I didn't realize it until now that

Nim's offsetof is also mapped to C's operator.

The field access is mapped to C's too, instead of accessing via calculated offset, which is what I used to think.

Then I just cannot give a real-world example where the fields' order of a imported struct or whether they contains union matters.

e.g. Even though in my system, Uid is of wrong size, (shall be 4, but 8 in Nim), nowadays, the code used to cause bug now works fine... (may because Nim used to calculate size itself, but now it uses C's sizeof)

Alogani commented 2 weeks ago

@litlighilit don't know about future development on Nim's NIR or nlvm project. But if Nim's import are close to C definitions, this will make life easier on future. But I don't know more than you do

litlighilit commented 2 weeks ago

For this case, there is a solution:

type Sigaction_internal {.union.} = object
    sa_handler*: proc (x: cint) {.noconv.}
    sa_sigaction*: proc (x: cint, y: ptr SigInfo, z: pointer) {.noconv.}

type Sigaction* {.importc: "struct sigaction", header: "<signal.h>", final, pure.} = object
    internal{.importc: "__sigaction_u".}: Sigaction_internal
    sa_mask*: Sigset
    sa_flags*: cint

But when it comes to anonymous union, there may be really no support yet...

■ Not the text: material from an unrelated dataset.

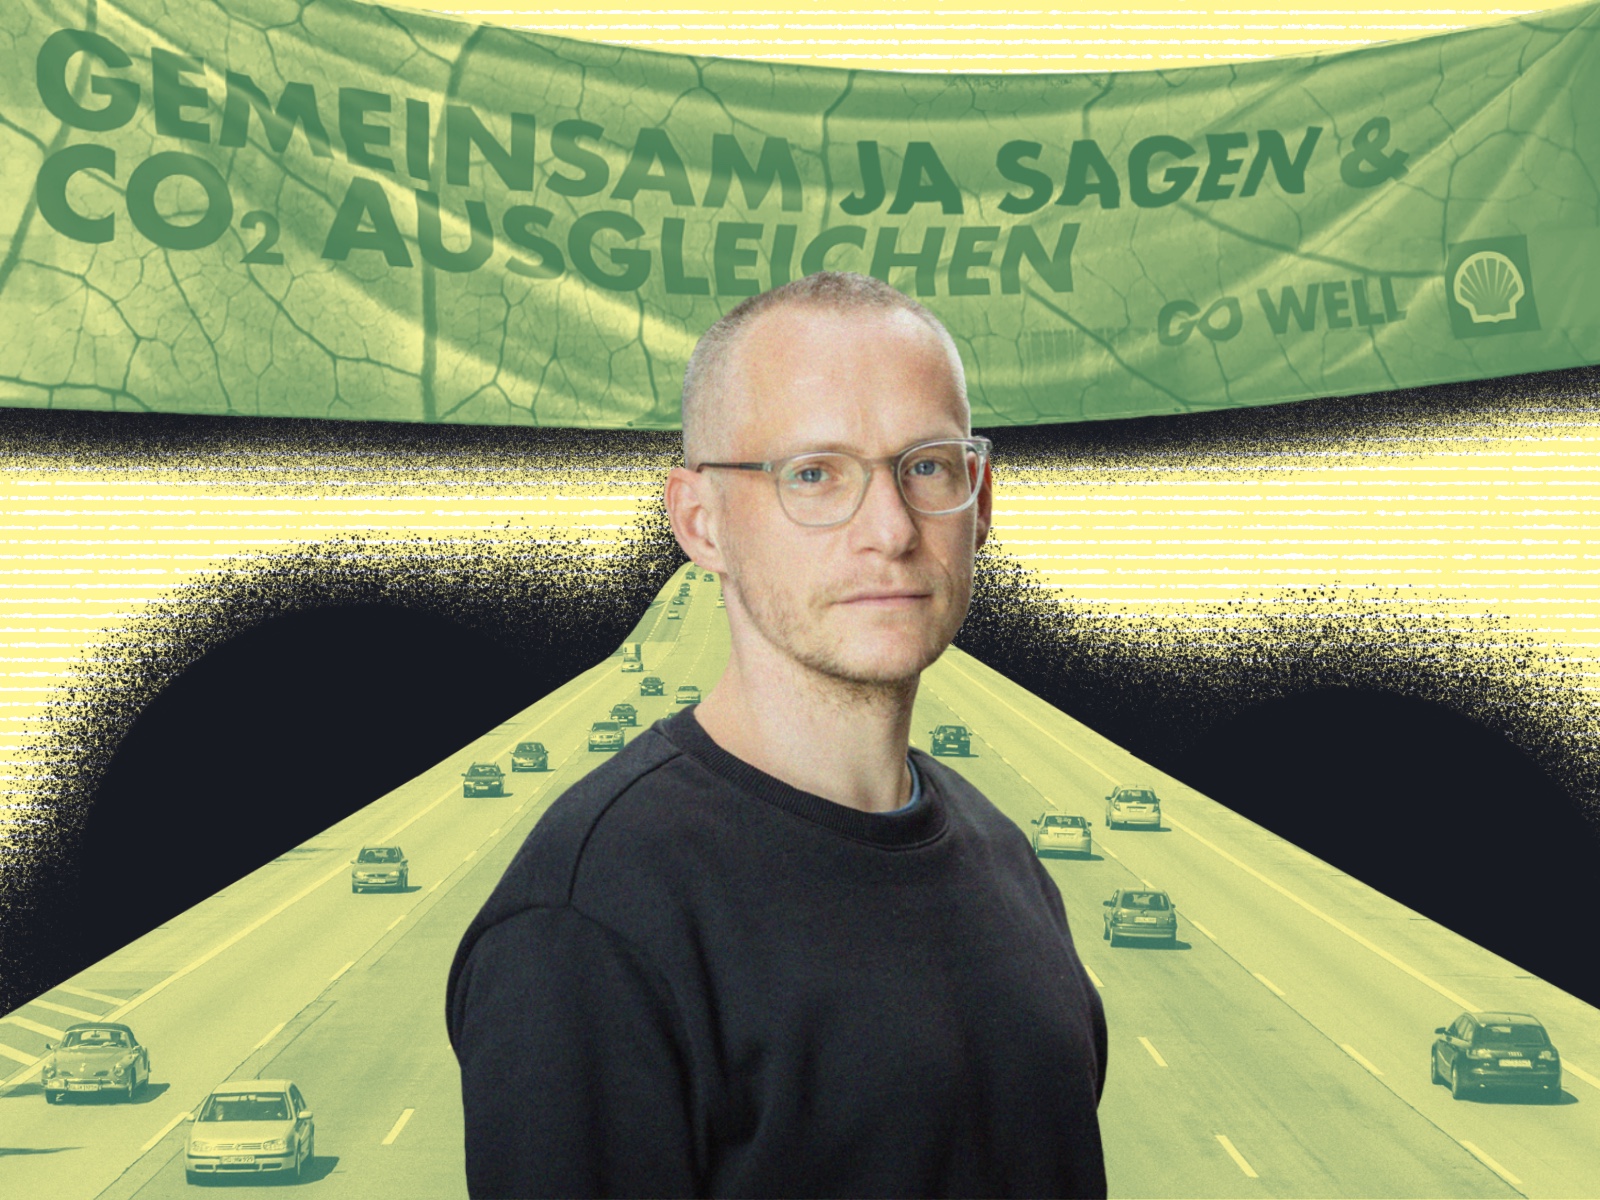 Clemens Kaupa vor dem Werbeschild vo Shell. Hinter ihm eine Autobahn.
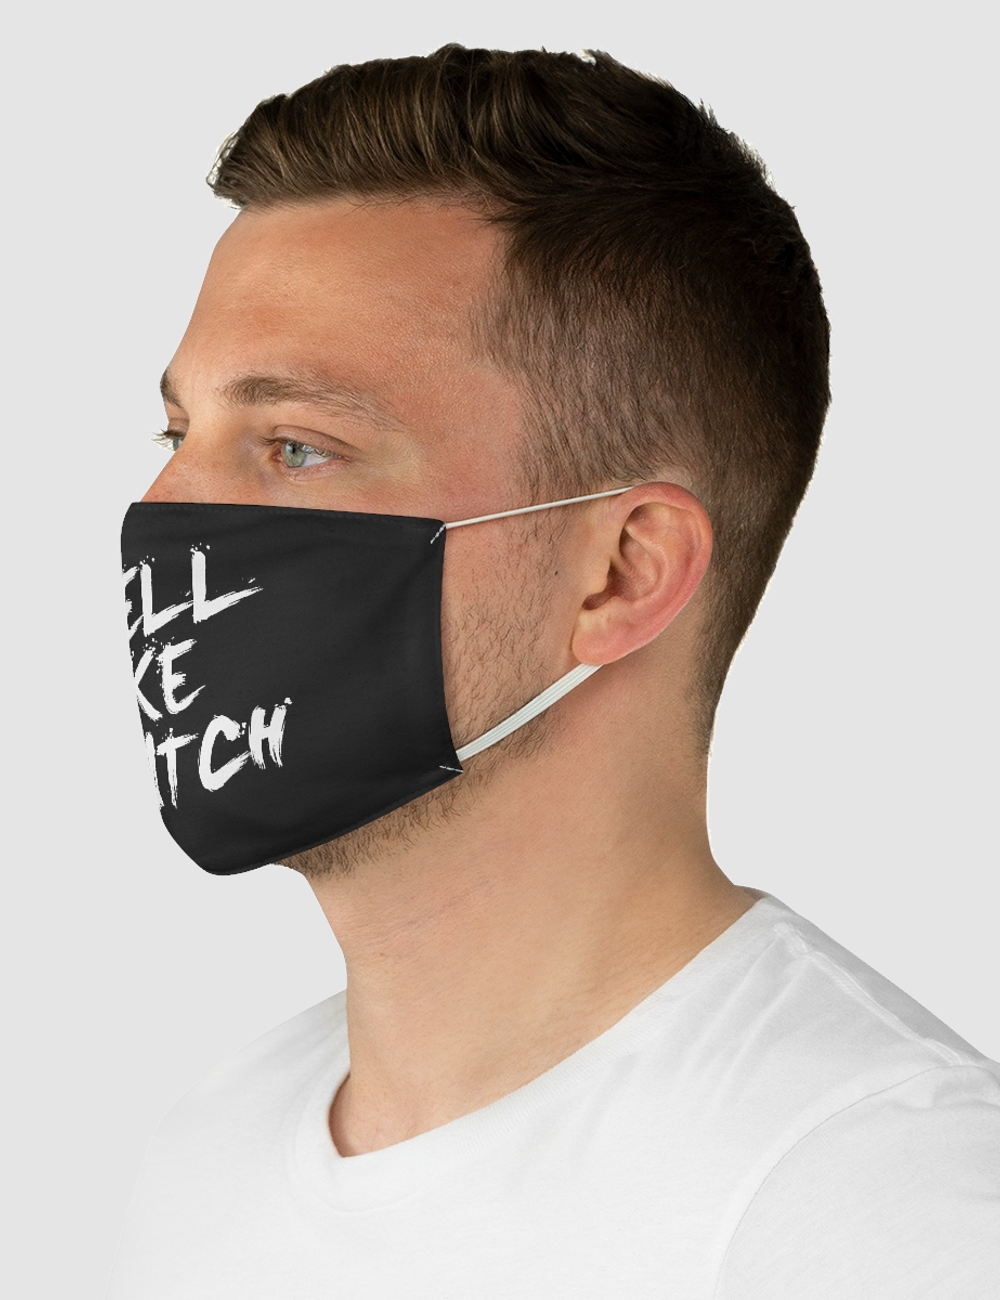 Smell Like A Bitch | Fabric Face Mask OniTakai

So the {.union.}: ... pragma statement can be introduced to solve this, but it shall be for anonymous union only.

Edit: not working for this case, see below for details.

Alogani commented 2 weeks ago

Have you tested it ? ^^

type Sigset* {.importc: "sigset_t", header: "<signal.h>", final, pure.} = object
    abi: array[1024 div (8 * sizeof(culong)), culong]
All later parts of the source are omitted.